Abs_AUC = AUC if (AUC>0.5) else (1-AUC)

Hence, for an AUC of 0.1, the absolute AUC is 0.9; this will help in comparing AUCs of different variables without missing out ones on the other side of the diagonal in the ROC curve. Note: this is being suggested for predicted variable with only 2 categories.

I have slightly modified the code above to make it clear. Now male is coded as 0 and female as 1. — rnso, Feb 08 '22 at 14:27
Your suggested procedure of reporting the larger of AUC and 1-AUC gives you a massive optimism bias. If you’ve badly overfit a classifier, this method cheerfully reports a much higher AUC than you have in reality. Hypothesis tests will be bogus. If your data has 3 or more categories and you impose an arbitrary order on them, you might need to test all permutations to get the highest AUC — another layer of dredging. — Sycorax, Feb 09 '22 at 13:16
What I wrote above is for 2 categories only. I am writing this above also. — rnso, Feb 09 '22 at 14:31
Restricting this procedure to only binary categories solves the least of the issues with this procedure. There are better ways to solve this problem & there's no need to reinvent the wheel. Moreover, the alternatives are applicable generally to the cases with 3+ categories. — Sycorax, Feb 09 '22 at 14:57
By "better ways" do you mean chi-square test (as you mentioned in your answer)? What parameter should we use to compare a categorical with a numeric variable in their ability to predict an outcome? — rnso, Feb 09 '22 at 17:45
It sounds like you have a new question, distinct from the one that you ask in your post. That's great! You can ask a new question, but before you do, take a look at the other [tag:feature-selection] questions because it may already be answered. — Sycorax, Feb 09 '22 at 18:37
The discussion went to this new issue! Thanks for the discussion here and the link. — rnso, Feb 09 '22 at 18:39
Nothing wrong with realizing you have a new question. (This is a question & answer site!) I just want to make sure that questions get their own threads, because the software is oriented around each question having its own thread & works best when used that way.
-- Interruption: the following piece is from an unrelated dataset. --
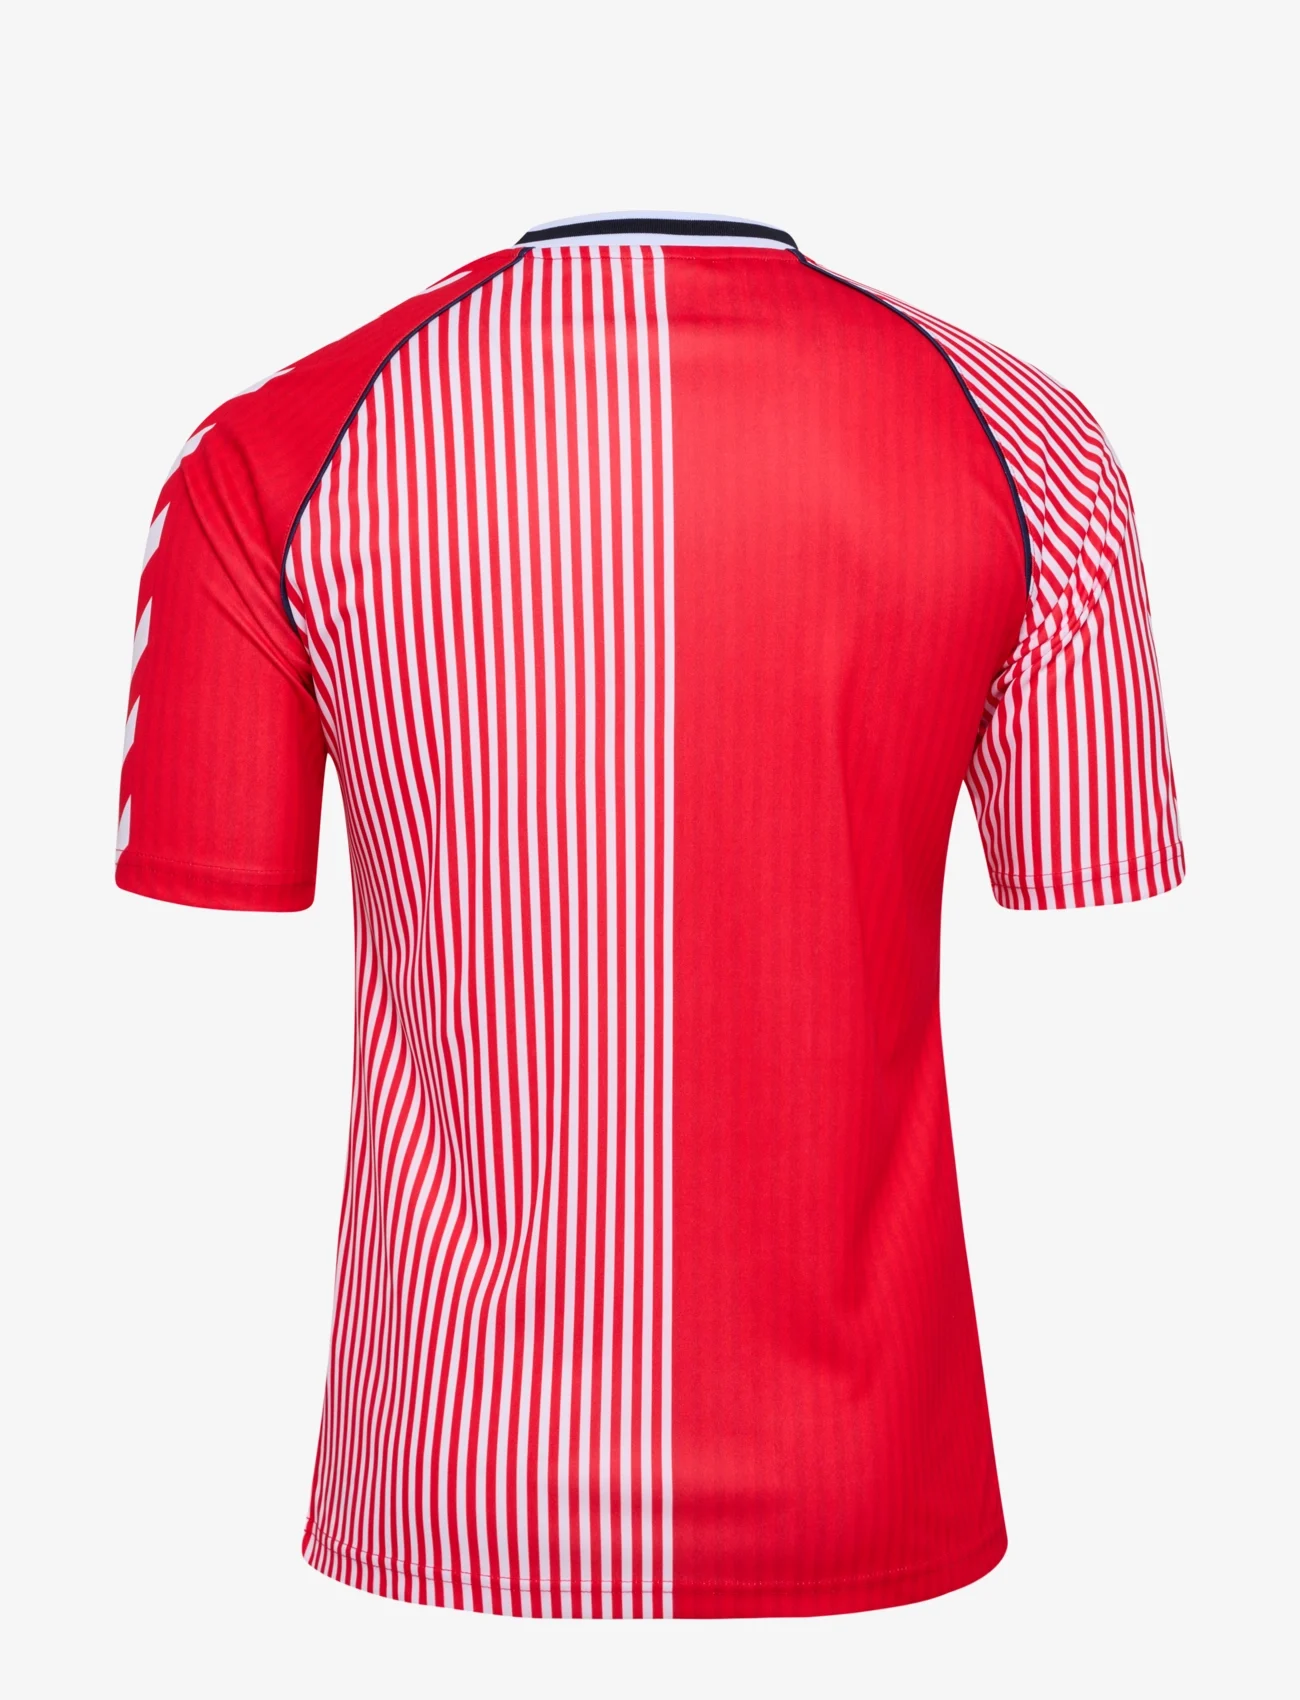 Hummel - DBU 86 REPLICA JERSEY S/S - futbolo marškinėliai - red/white - 1

That's all. — Sycorax, Feb 09 '22 at 18:45
I have posted a new question here: https://stats.stackexchange.com/questions/563850/best-single-parameter-to-compare-categorical-and-numeric-predictors — rnso, Feb 10 '22 at 13:35

Sycorax · Accepted Answer · 2022-02-09T14:58:33.610

The ROC curve is a statistic of ranks, so it's valid as long as the way you're sorting the data is meaningful. In its most common application, we're sorting according to the predicted probabilities produced by a model. This is meaningful, in the sense that we have the most likely events at one extreme and the least likely events at the other extreme. This is useful because each operating point on the curve tells you (1) how much of your outcome you capture at each threshold using the decision rule "alert if $\hat{p} > \text{threshold}$" and (2) how many false positives you capture with that same rule.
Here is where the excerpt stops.